# Catfolk: +1 LA just doesn't seem right..



## Three_Haligonians (May 8, 2007)

So,

One of my players is playing a catfolk. Over the course of the campaign, he has taken the character from level 3 to level 11 and, hindsight being 20/20 and all, the level adjustment he has taken for his race doesn't seem on par with the "missing" level it has required.

Being the generous DM that I am, I've been looking at the Catfolk racial stats and wondering what I could do to make it a little more even. I see two choices:

1. Increase the traits and features of the class to make it worth a +1 LA
2. Decrease the traits and features of the class to make it worth a +0 LA and then let the player take another class level.
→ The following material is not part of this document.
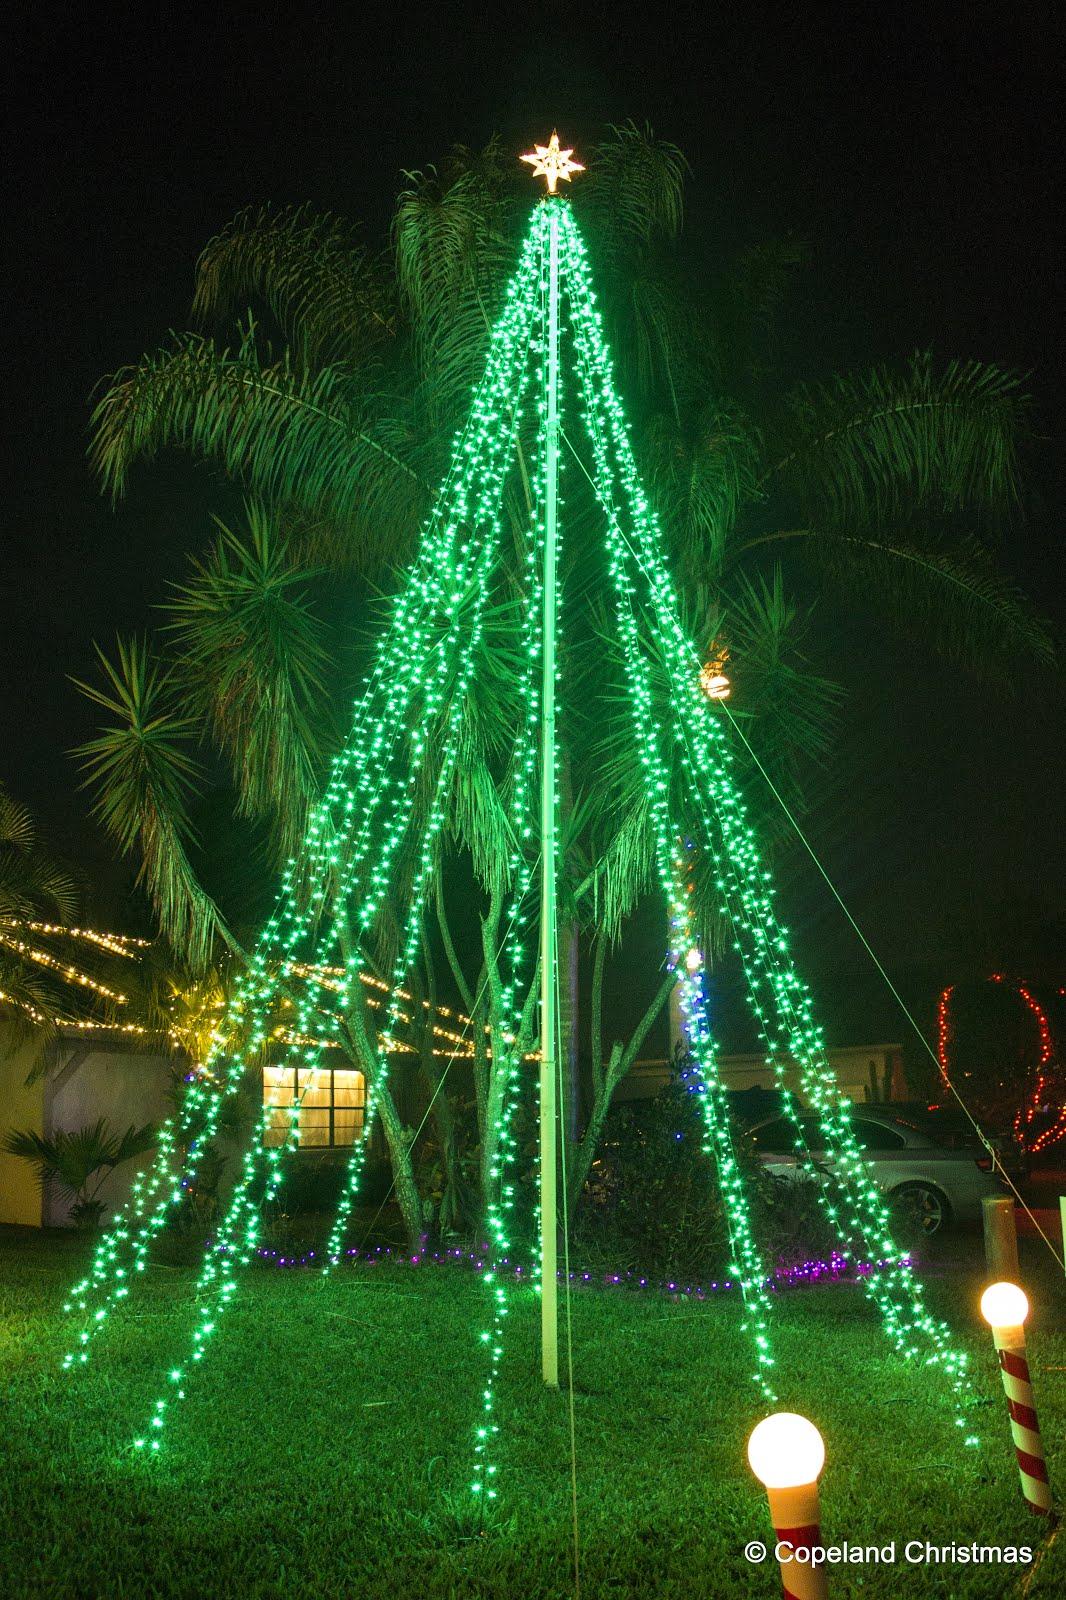 Copeland Christmas Blog The Mega Tree At Copeland Christmas

In both cases, I think I would like to remove the +1 natural armour bonus that Catfolk get (I dunno, tough, thick hide is just not what I think of when thinking of cats). I'm also leaning towards increasing their low-light vision to superior low-light vision (so they can see 3x as far in low-light conditions instead of 2x).

So here I am, asking the collective ENWorld brain for advice on what you would do to accomplish either of these tasks. What would you add? take away? or just change? 
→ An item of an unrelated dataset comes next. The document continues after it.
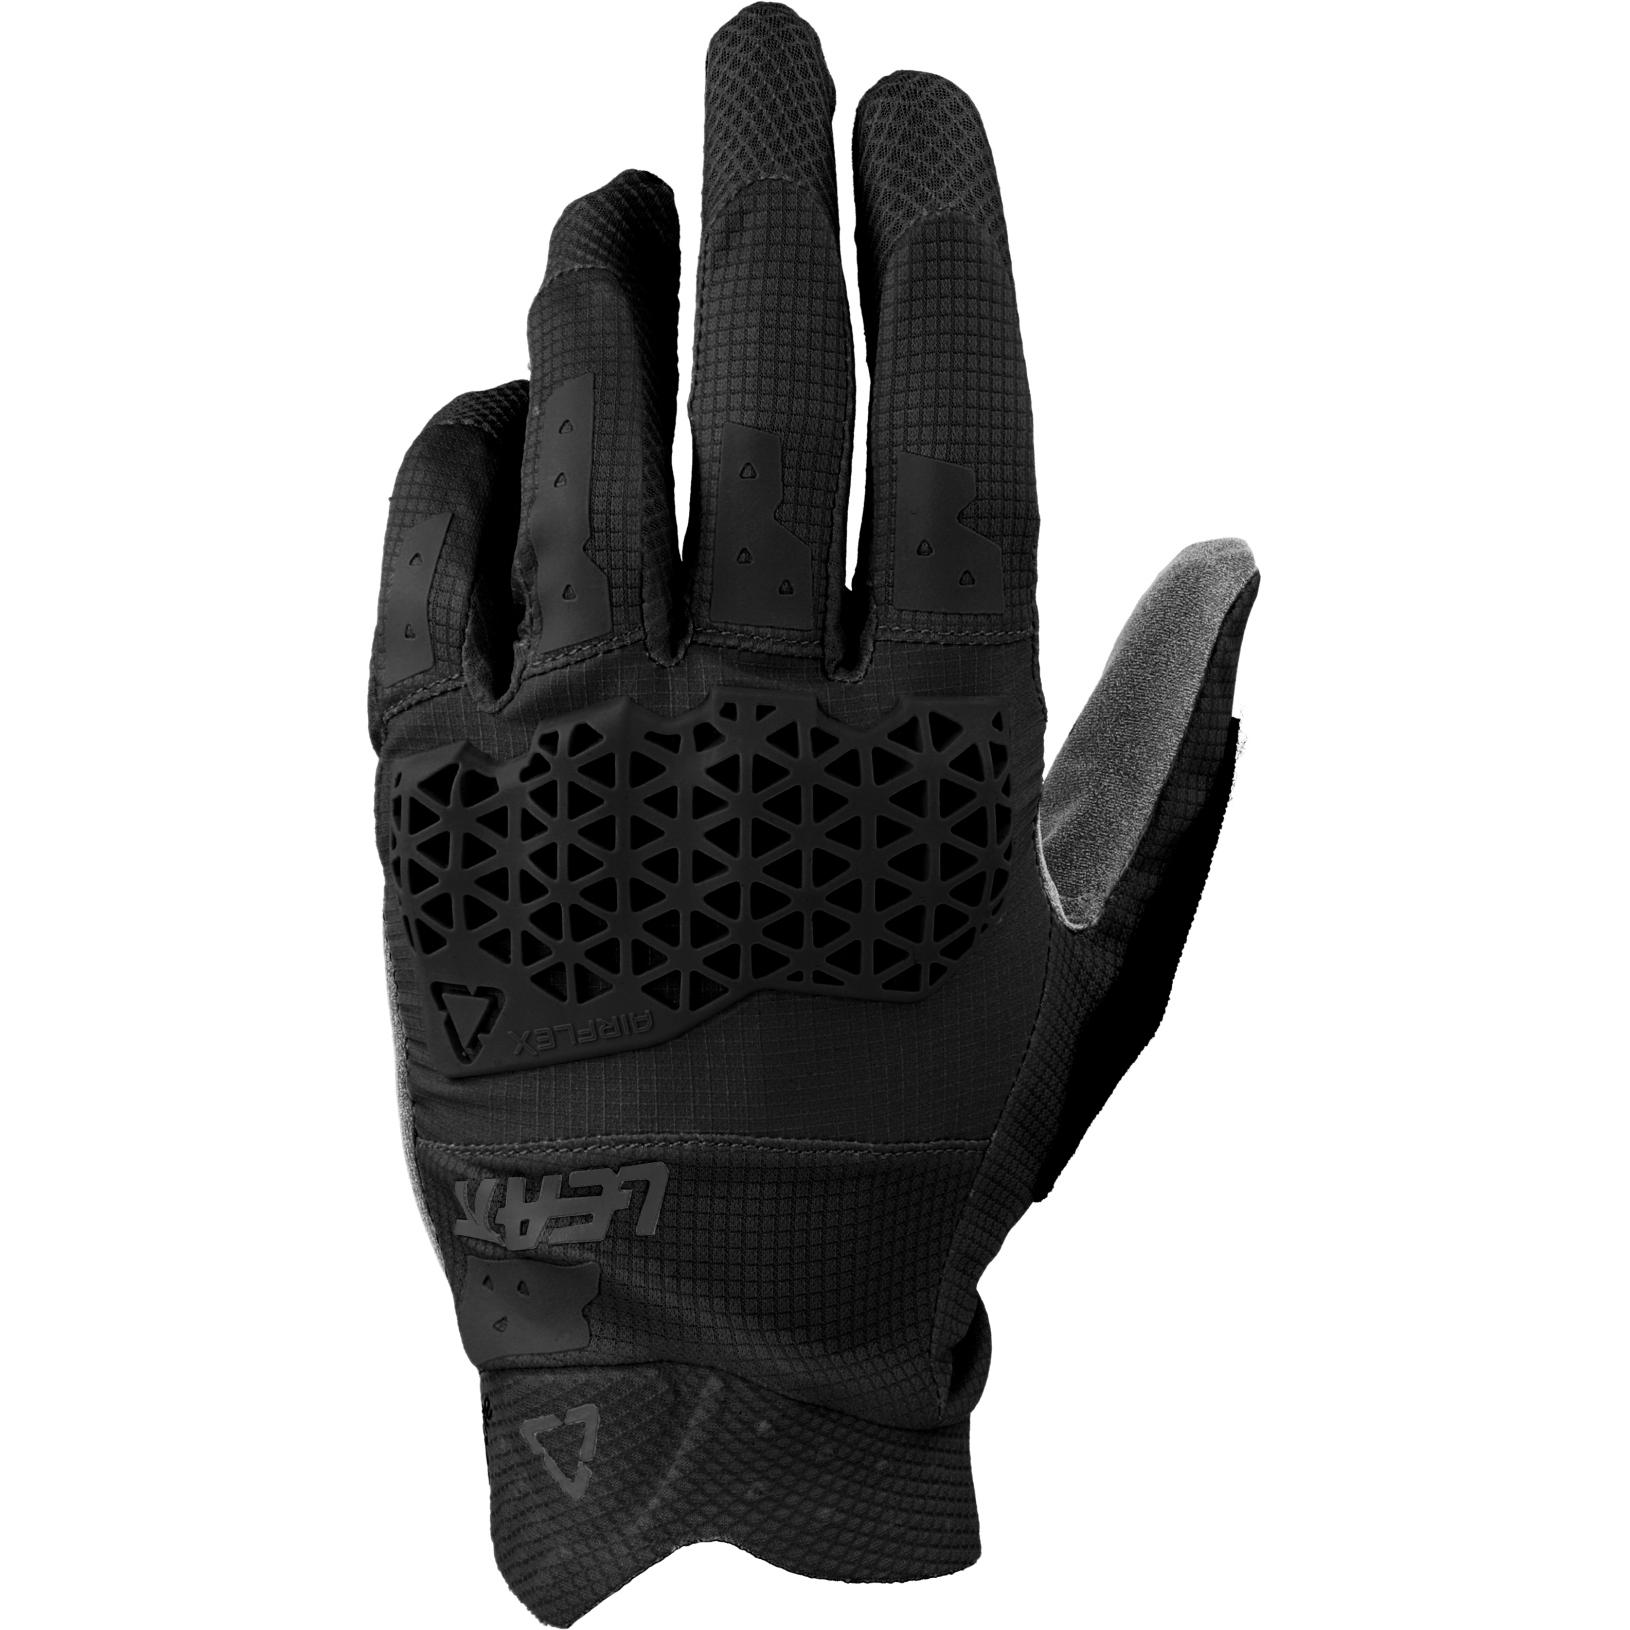 Leatt Glove DBX 3.0 Lite Handschuh - black

There is of course a third choice: That I am wrong and a +1 LA suites the race just fine. If this is your position, by all means - share your reasons here too, I'm open to everything

J from Three Haligonians


----------



## Quartz (May 8, 2007)

Which of the plethora of catfolk races are you using? Was the +1 LA about right - or good - at low levels?


----------



## Doug McCrae (May 8, 2007)

Races of the Wild?

+4 dex, +2 cha
40 feet movement
Low-light vision
+2 listen, +2 move silently
+1 natural armor

Looks worth a +1 LA to me, mostly for the stats. A total of +6 to stats can't be +0.


----------



## Three_Haligonians (May 8, 2007)

Quartz said:
			
		

> Which of the plethora of catfolk races are you using? Was the +1 LA about right - or good - at low levels?





Ha Ha!

Sorry.. I totally forgot to put that in.. even after I had thought of it when I started to post.

I'm talking about the Races of the Wild version. Even at low levels, it was a little rough for the player - mostly due to a lack of hit points. 

J from Three Haligonians


----------



## Blackmage (May 8, 2007)

You could just allow him to use the rules for getting rid of level adjustment introduced in "Unearthed Arcana".


----------



## Angel Tarragon (May 8, 2007)

Buy it off


----------



## Technik4 (May 8, 2007)

I'd be in favor of giving him more goodies to improve, rather than suddenly dissolving the LA. At lower level +6 bonus stat points is huge, and the rest of the race is pretty solid (if a little bland).

Maybe instead of removing the Cat's natural armor, change it to a Dodge bonus and let it improve (+1/5 levels)? That seems more cat-like to me.

But +10 movement, +4 dex, +2 cha, lowlight and some skill bonuses are hardly LA +0 territory.


----------



## Three_Haligonians (May 8, 2007)

Well that is settled then,

It's easier to make the race worth the +1 LA than it is to bring it to +0. The question is of course, how?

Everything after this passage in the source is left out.